Clinesmith admitted that in June 2017, he had sent a deliberately altered email to an FBI agent falsely indicating that Carter Page, a former Trump campaign adviser, was “not a source” for the Central Intelligence Agency. The email was used by the FBI to apply for a third extension of a FISA warrant justifying surveillance on Page. Paige had, in fact, been a source for the CIA. Clinesmith’s defense was that he had mistakenly thought the altered assertion in the email was correct, and he only altered it to save himself the trouble of getting a another email from the CIA.
If this doesn’t remind you of Dan Rather’s rationalization for using a forged document to accuse President George Bush of going AWOL while he was in the National Guard, it should. But Rather was just a journalist, albeit a one who carried the public trust. What he did was unethical, but what Clinesmith did was unethical and illegal.
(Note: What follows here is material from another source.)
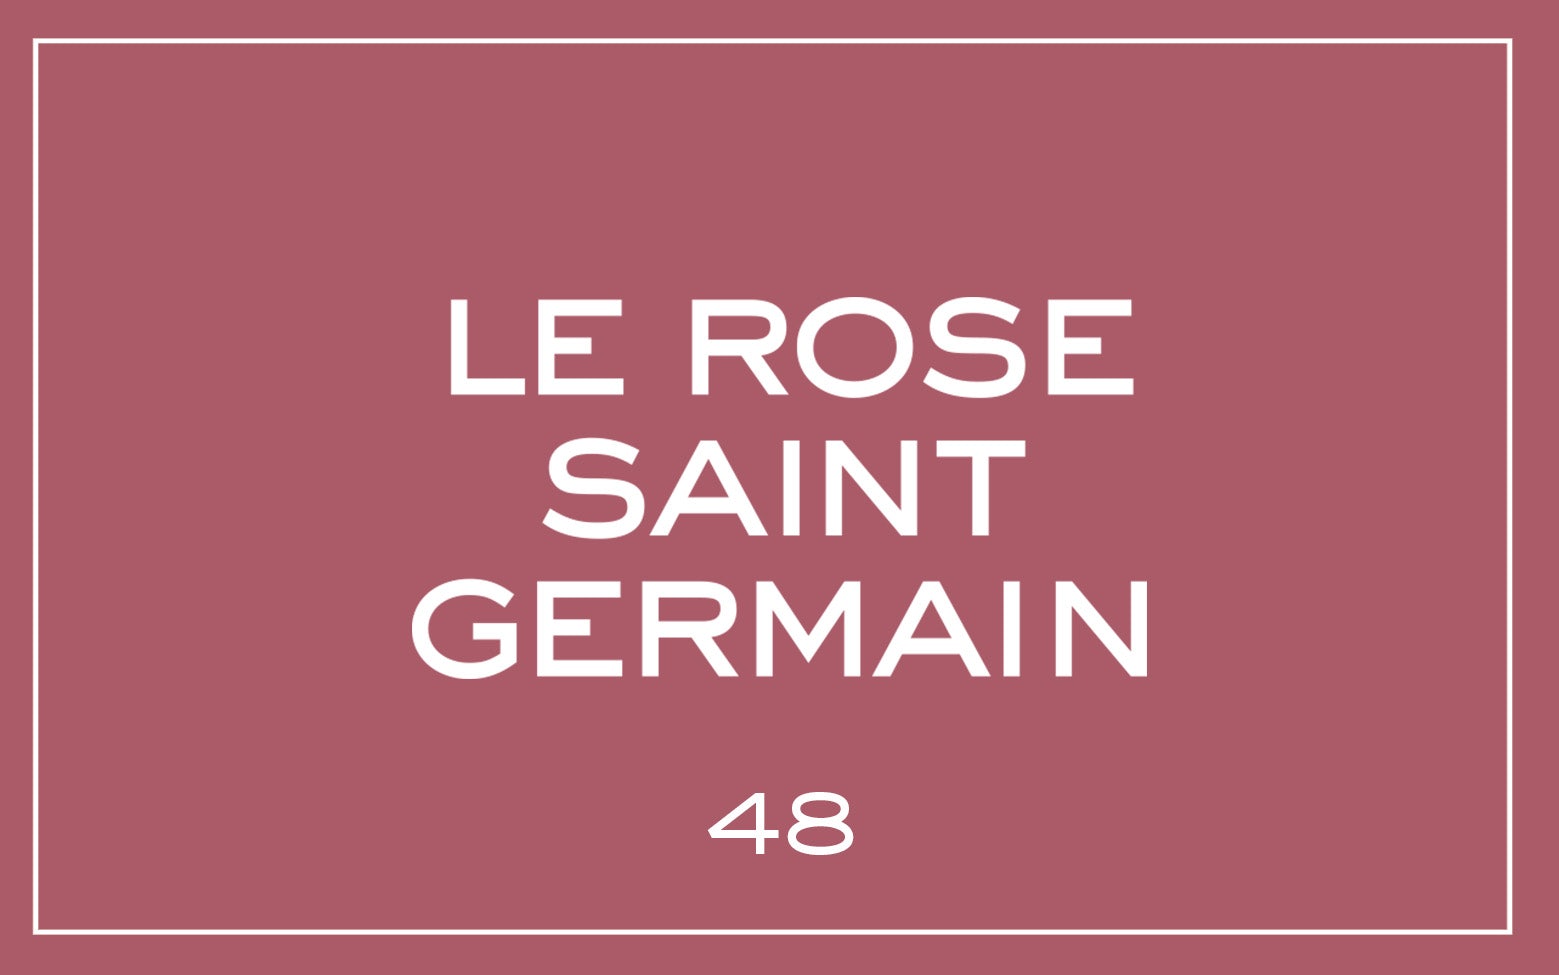 La bouche rouge Le Rose Saint Germain lipstick swatch with text

He knowingly manufactured evidence offered by the U.S. government to violate the Fourth Amendment Rights of a citizen, knowing that the warrant being sought would be used to spy on the Presidential campaign of the party opposing that of the sitting President, Barack Obama. The Trump Presidency was permanently sabotaged from its very start as a result of Clinesmith’s actions along with others in the Justice Department and FBI. Although the Mueller report found no evidence that any American anywhere, not just in the Trump campaign, coordinated with Russians to affect the 2016 election, the lie that Clinesmith facilitated constituted a deliberate effort by law enforcement officials to subvert a Presidential campaign and a President.
Yeasterday, Clinesmith was sentenced. U.S. District Judge for the District of Columbia James Boasberg, an Obama appointee, delivered the proverbial “slap on the wrist.” He sentenced him to 12 months probation and 400 hours of community service. He will serve no jail time.
My son, 18 at the time of his offense, was given five years probation and spent six months in jail for a traffic violation, just to provide some basis for comparison.
Prosecutors had urged Boasberg to hand Clinesmith a prison sentence sending a clear message to others in government not to subvert the legal system. The judge, incredibly, said that the message had already been sent after the lawyer delivered an effective pre-sentence grovel. “Altering the email has forever changed the course of my life,” Clinesmith said. “I have lost the means to provide for my growing family…lost the ability to give back to my nation… the shame and remorse will stay with me forever.”
Hey, it’s OK, kid! Don’t get down on yourself! We all make mistakes. Boasberg justified his resorting to Rationalization #38 B, Excessive Accountability, or “He’s suffered enough,” saying,
[He] lost his job, and his government service is what has given his life much of its meaning. He was also earning $150,000 a year and who knows where the earnings go now. He may be disbarred or suspended from the practice of law, you may never be able to work in the national security field again. These are substantial penalties. What is more, he went from being an obscure career government lawyer to standing in the eye of a media hurricane. He has been threatened, vilified and abused on a nationwide scale.”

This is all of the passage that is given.